Given material
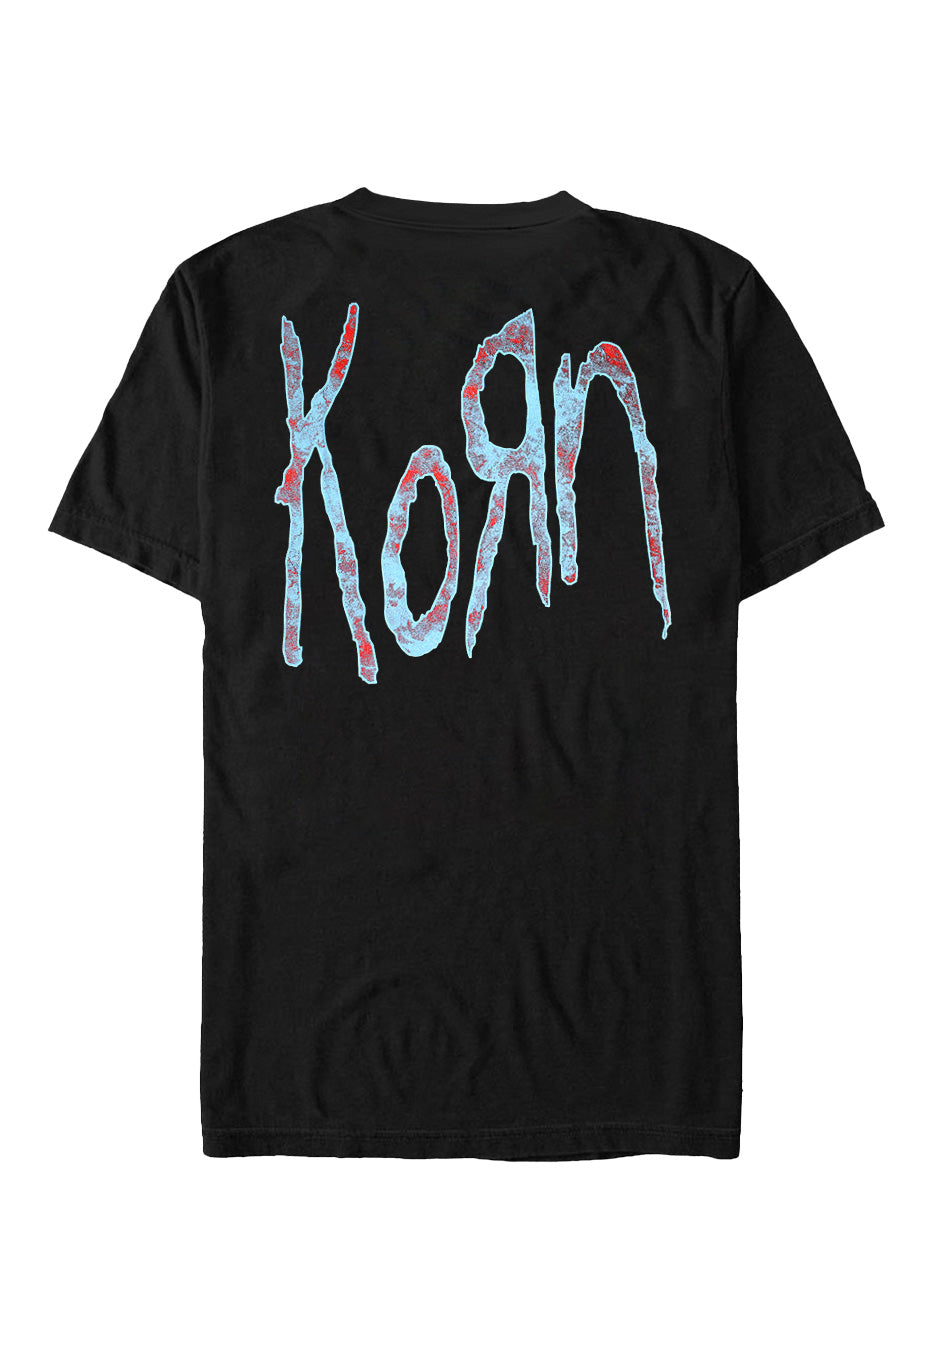 Korn - SoS Doll - T-Shirt
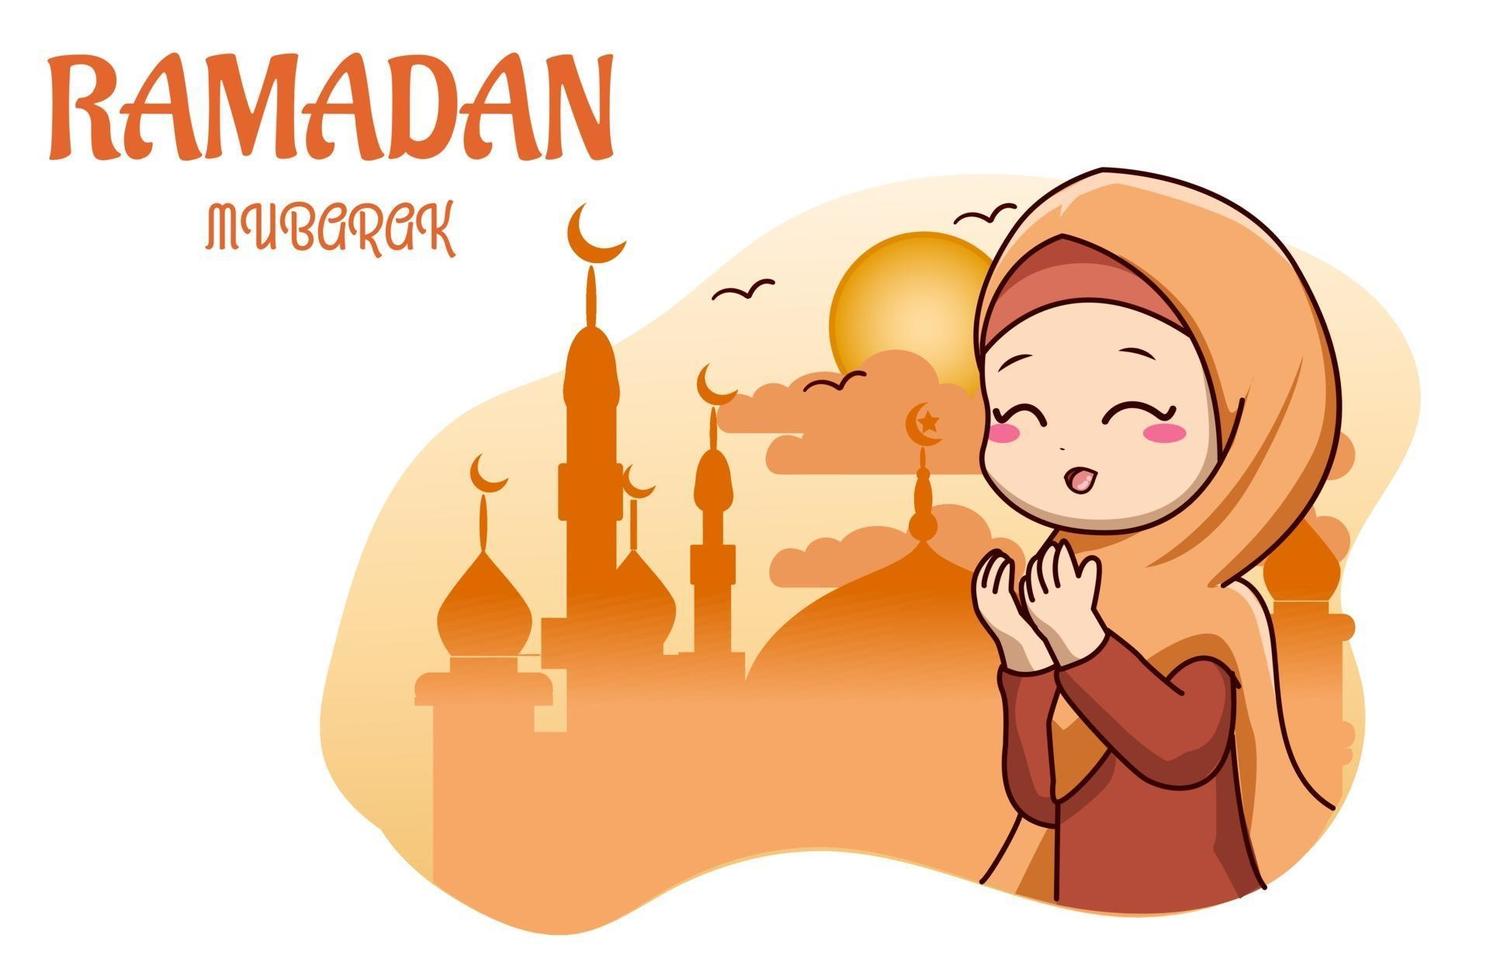 jolie fille musulmane prie dans la mosquée ramadan kareem illustration de dessin animé vecteur
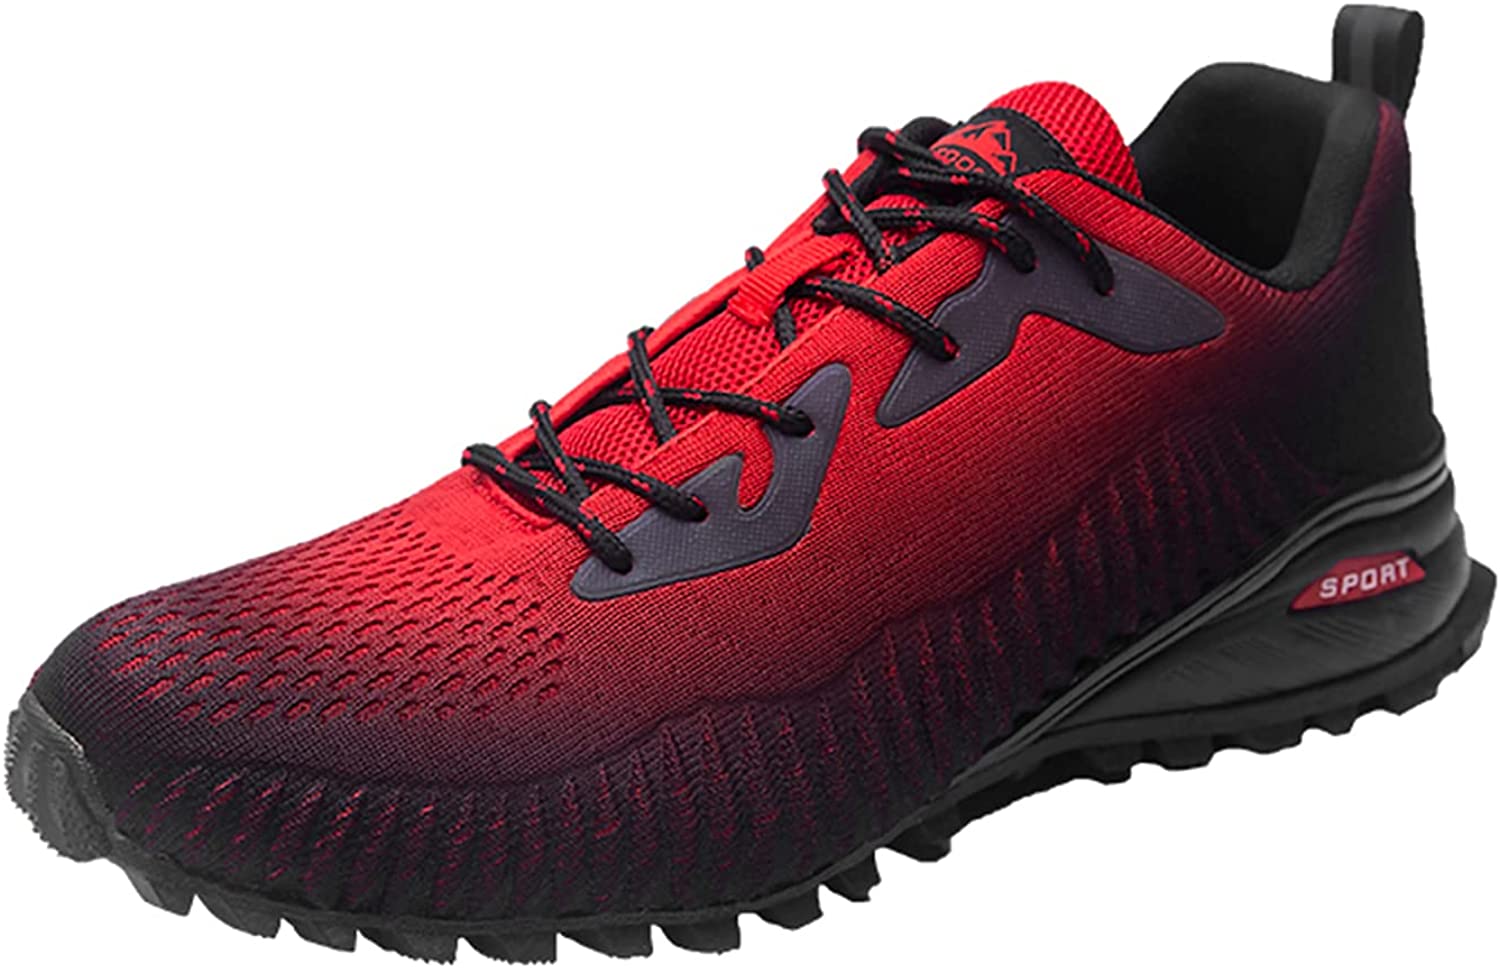 Kricely Men's Trail Running Shoes Waterproof Hiking Shoes Lightweight Breathable Walking Footwear Athletic Sneakers

Exercise goal
Repeat the data exactly as written, but without the pictures.

Solved exercise
 Korn - SoS Doll - T-Shirt
 jolie fille musulmane prie dans la mosquée ramadan kareem illustration de dessin animé vecteur
 Kricely Men's Trail Running Shoes Waterproof Hiking Shoes Lightweight Breathable Walking Footwear Athletic Sneakers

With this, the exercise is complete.